What is the key distinction between packages listed under Imports versus Suggests?

    1. Imports lists packages required for core functionality; Suggests lists optional packages for enhanced features
    1. Imports refers to newer packages; Suggests refers to older, deprecated ones
    1. Imports indicates packages from CRAN; Suggests indicates packages from GitHub
    1. There is no meaningful difference

A. Imports packages are mandatory dependencies; Suggests packages are used only for optional features (vignettes, tests, examples) and need not be installed by default.

19.18.4 Question 4

You add @export above one function and not above another. What does this mean?

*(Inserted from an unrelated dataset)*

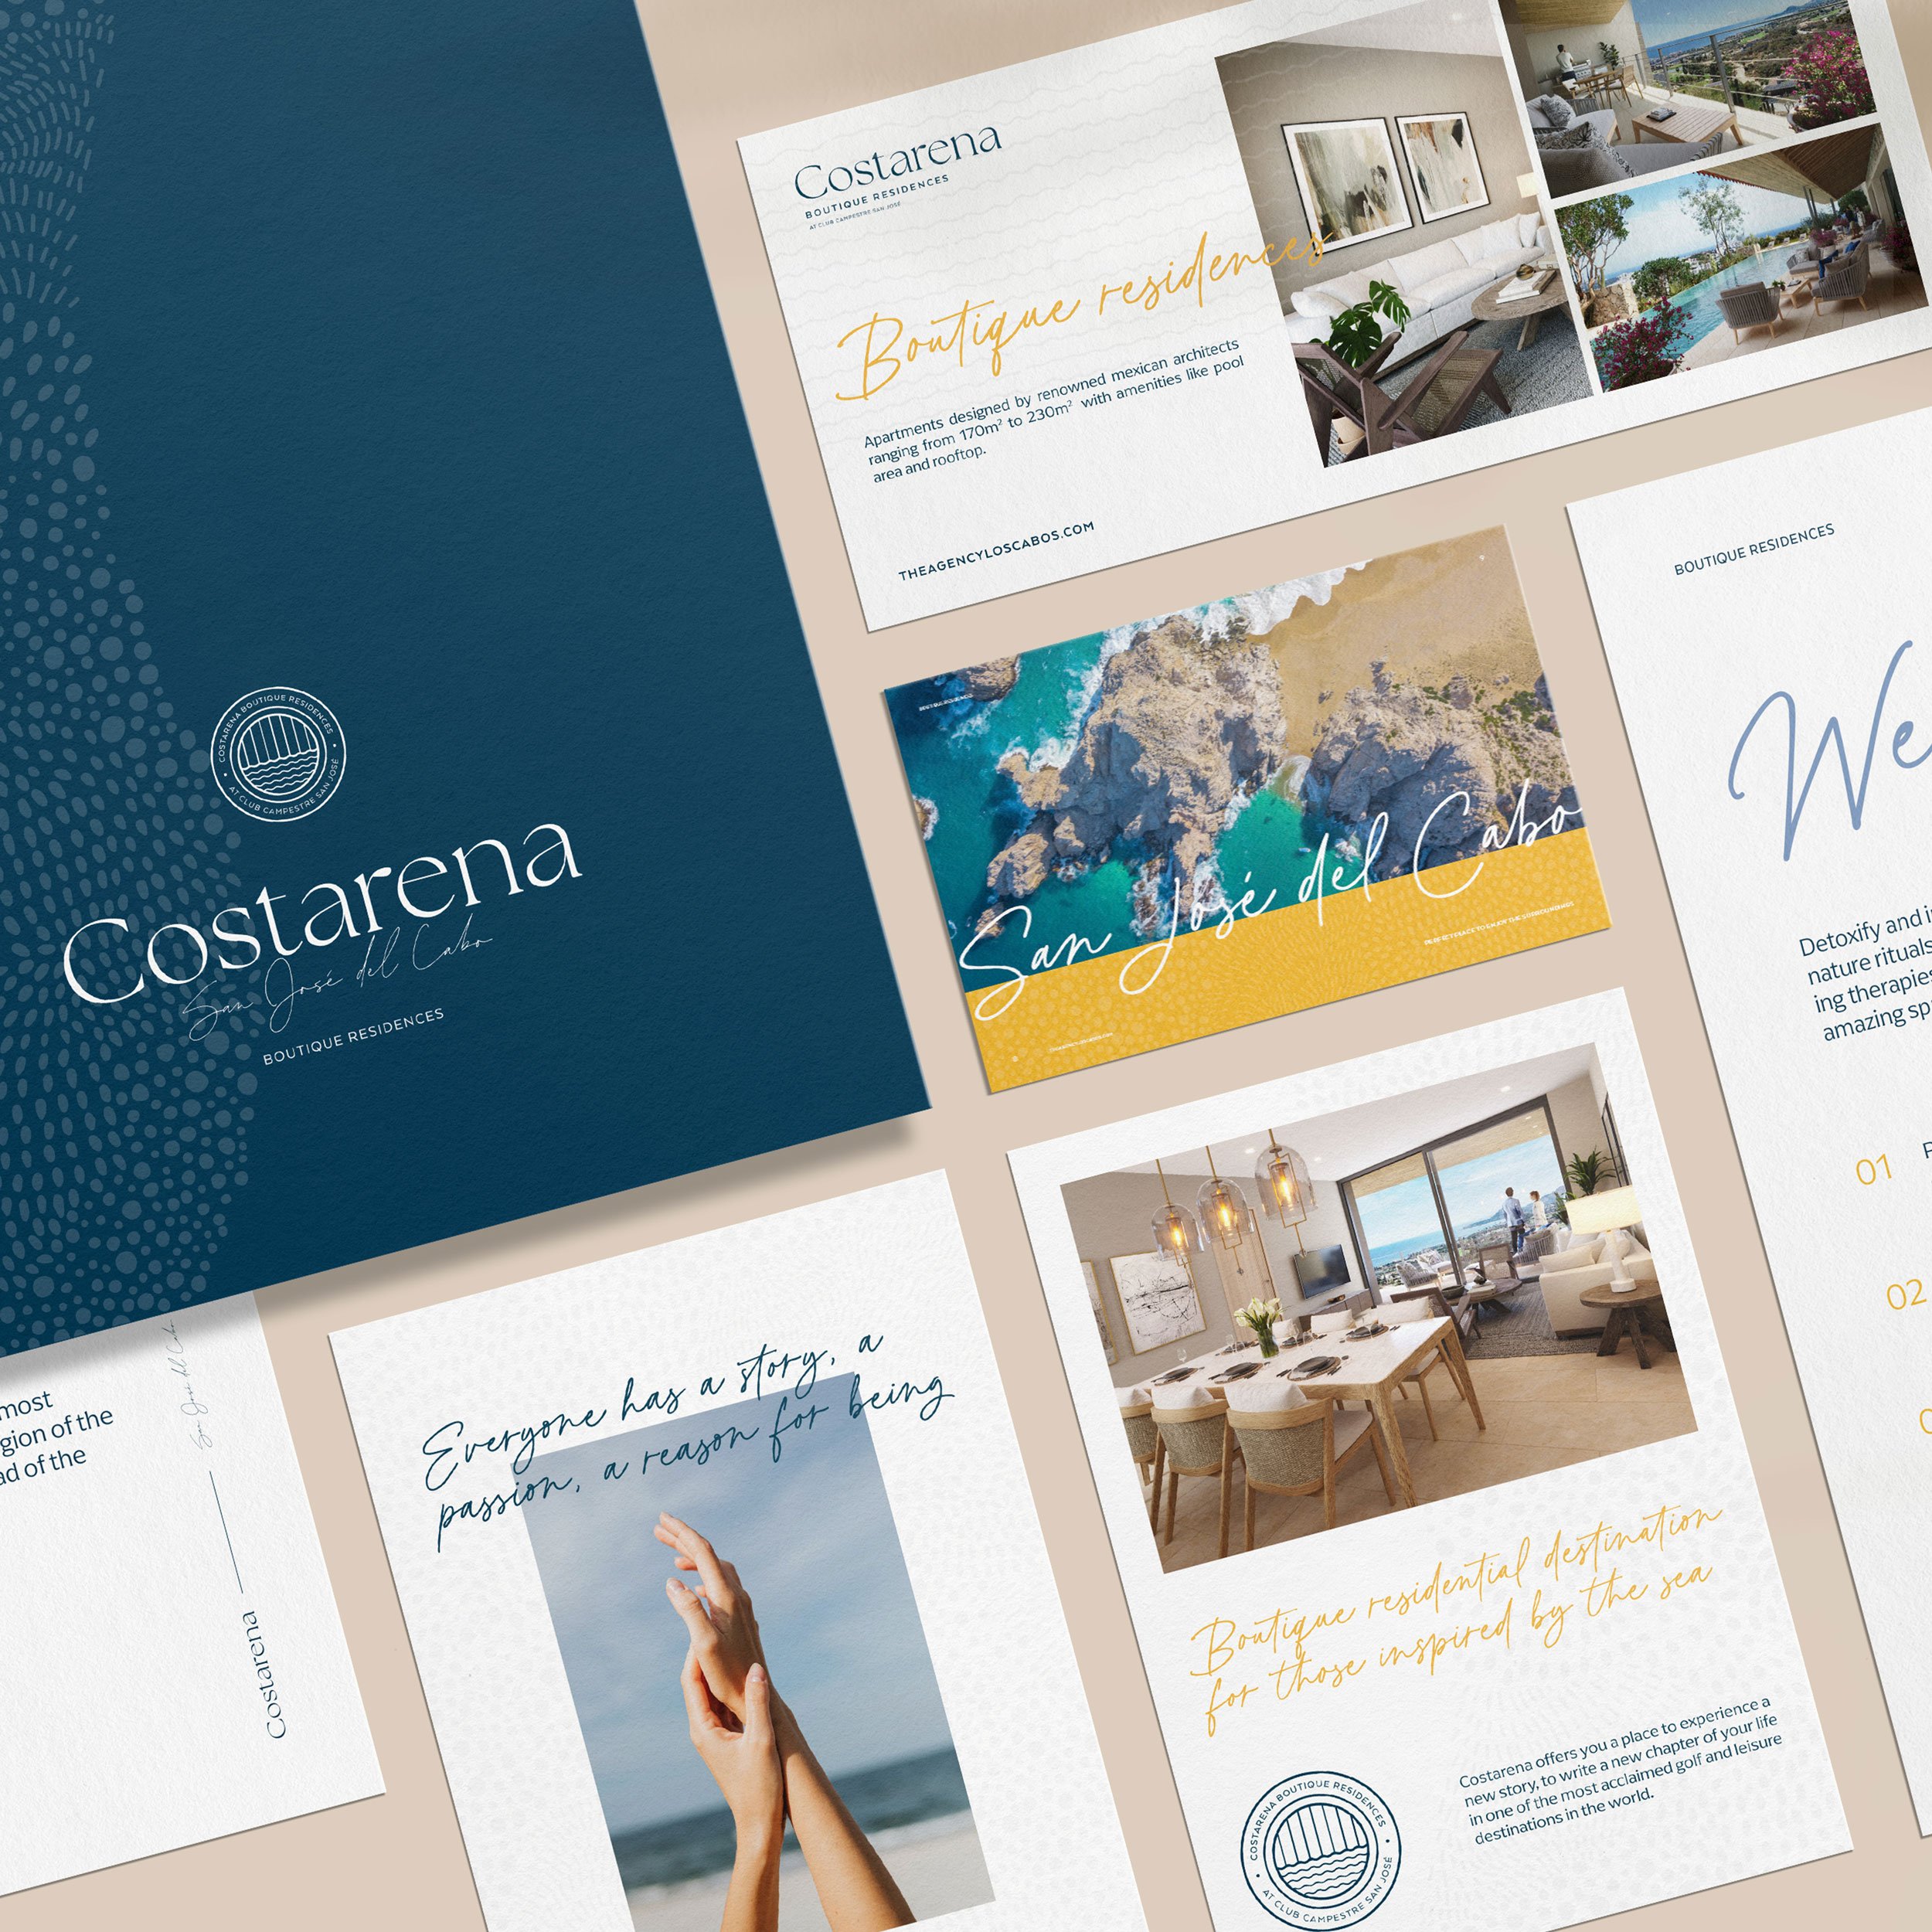 behagen-Branding-and-Marketing-for-Real-Estate-Costarena-Los-Cabos-Cover.jpg

    1. Only the @exported function is part of the package’s public API; the other is internal.
    1. Both are public; @export is a stylistic choice.
    1. The non-exported function is broken.
    1. The exported function is loaded faster.

A. Internal functions are accessible only via pkg:::fn() and may change without notice; exported functions are the package’s stable public API.

19.18.5 Question 5

After modifying a roxygen header above a function, you should next:

    1. Edit man/function.Rd directly to match.
    1. Run devtools::document() to regenerate the .Rd file and NAMESPACE.
    1. Manually update DESCRIPTION.
    1. Restart R.

B. devtools::document() regenerates documentation and the namespace from roxygen comments. Hand-editing .Rd files is wrong; they will be overwritten.

19.19 Prerequisites answers

  1. The DESCRIPTION file (metadata) and the R/ directory (source code). Everything else (NAMESPACE, man/, tests/, data/, vignettes) is either auto-generated or optional. The minimum viable package is one function in R/foo.R plus a one-line DESCRIPTION.
  2. DESCRIPTION stores package metadata: name, version, title, description, author, license, and, crucially, dependencies (Imports, Suggests, Depends). It is the file that distinguishes a package from a directory of R scripts.
  3. Imports lists packages required for core functionality (they must be installed for the package to work). Suggests lists packages used only for optional features (vignettes, tests, examples) and need not be installed by default. The rule of thumb: if your exported code calls pkg::fn(), the package goes in Imports. If only your tests, vignettes, or optional features use it, Suggests.